Already-levered US corporations are levering up even more. The first half this year already matched issuance of last year. This is taking place even as corporate debt is at record high, with several metrics well into extended territory.
Momentum in US corporate bond issuance continued in June. A total of $235.4 billion, made up of $177.6 billion in investment-grade (IG) and $57.8 billion in high-yield (HY) was issued. This brings the six-month total to $1.43 trillion – $1.23 trillion in IG and $199.7 billion in HY. This already matched the issuance in all of last year.
If momentum continues in the remaining six months, issuance is on course for $2.85 trillion, which will have surpassed the 2017 record $1.64 trillion by a mile; both IG and HY will have made fresh highs (Chart 1).
In all probability, the Fed provided the impetus behind the issuance this year. On March 23rd, it announced it would buy IG corporate bonds, which was expanded to include HY on April 9th. This created an implied backstop for investors, even as corporations are taking advantage of low rates. From the week to April 15th through Wednesday this week, Lipper data show, high-yield funds attracted $35.2 billion.
The aggression in issuance is coming at a time when corporations are already in neck deep in debt.
In 1Q20, non-financial corporate debt jumped $600.3 billion quarter-over-quarter to $10.5 trillion – a new record. Momentum has been in place for a while, which is evident in Chart 2 which uses a four-quarter average.

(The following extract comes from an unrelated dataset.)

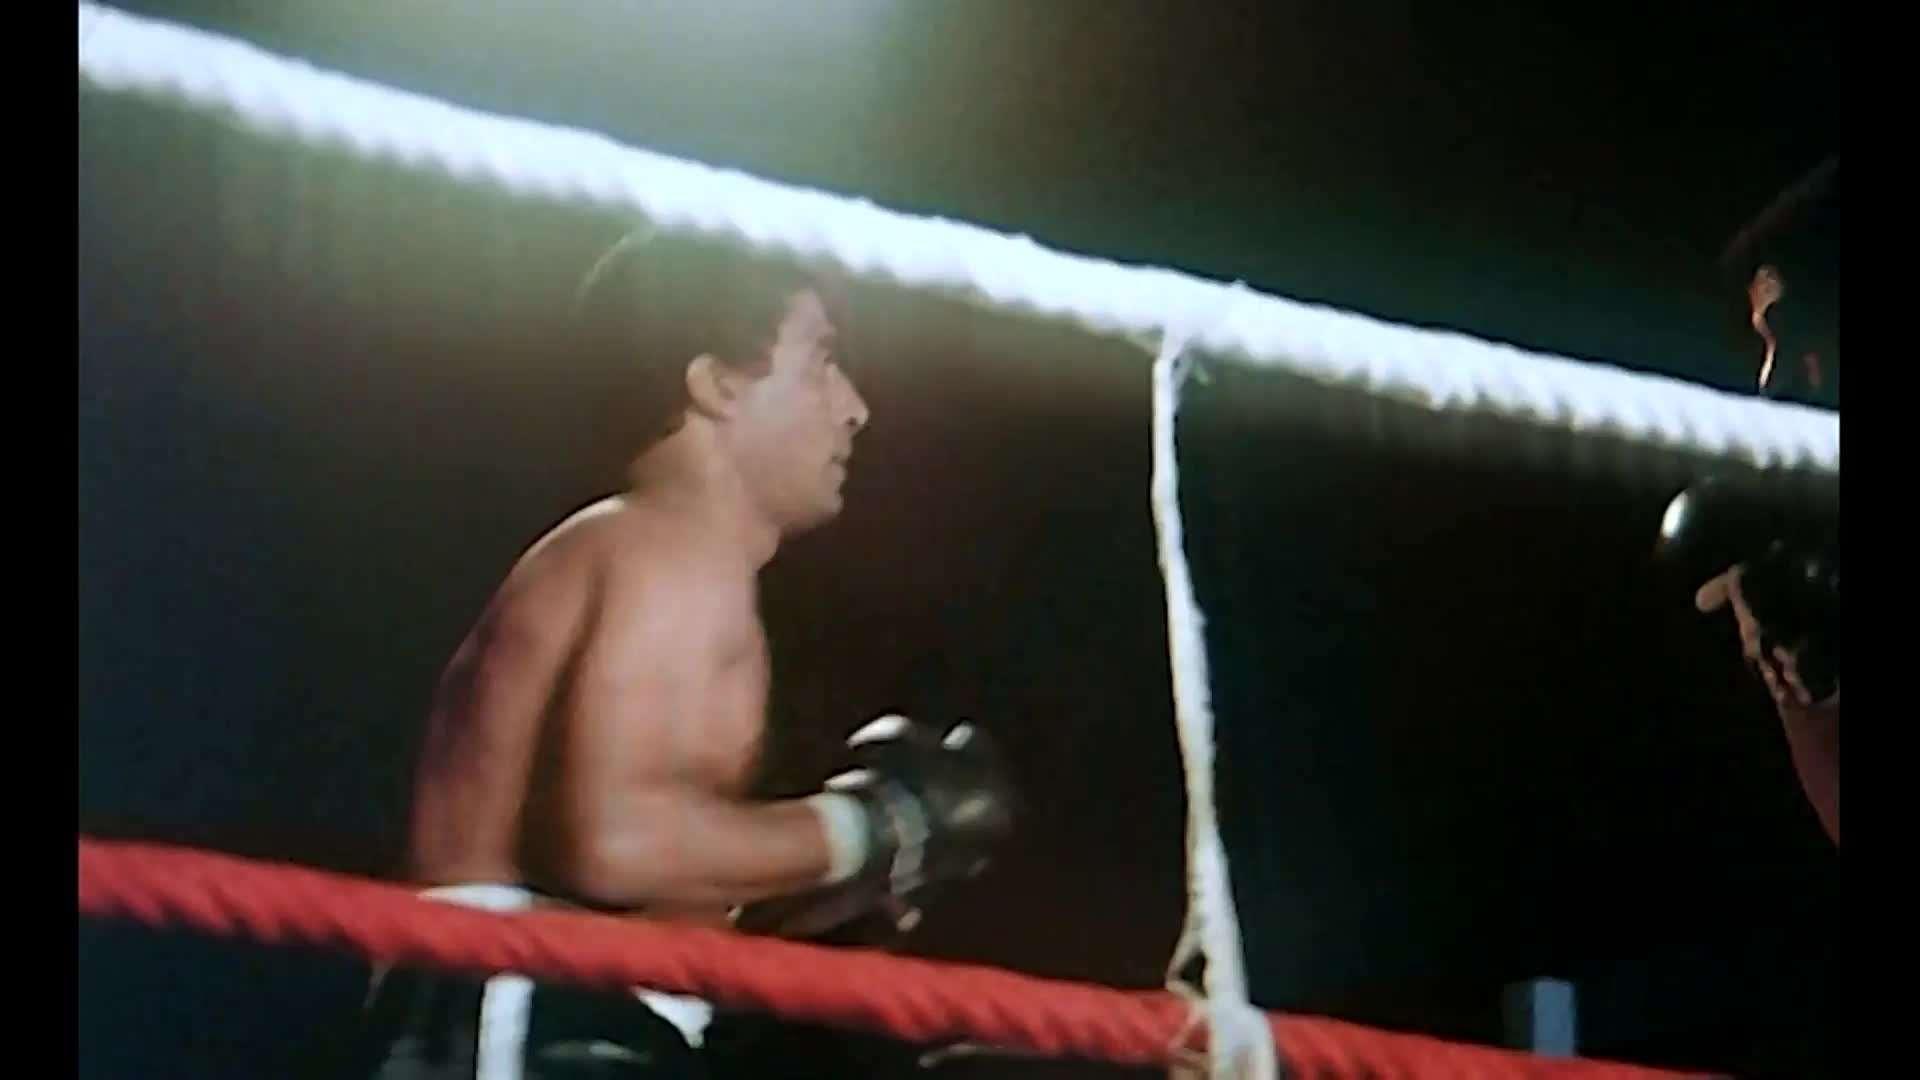 [فيلم][تورنت][تحميل][النمر الأسود][1984][1080p][Web-DL] 12 arabp2p.com

More importantly, the level of corporate debt is beginning to look extreme on several fronts, one of which is highlighted in Chart 3, which plots corporate debt as a percent of national income. In 1Q20, it surged to a fresh high 57.7 percent.
Nothing says the red line in the chart cannot continue higher, as it has defied expectations for a while now. But with each push higher, the risk of a reversal grows.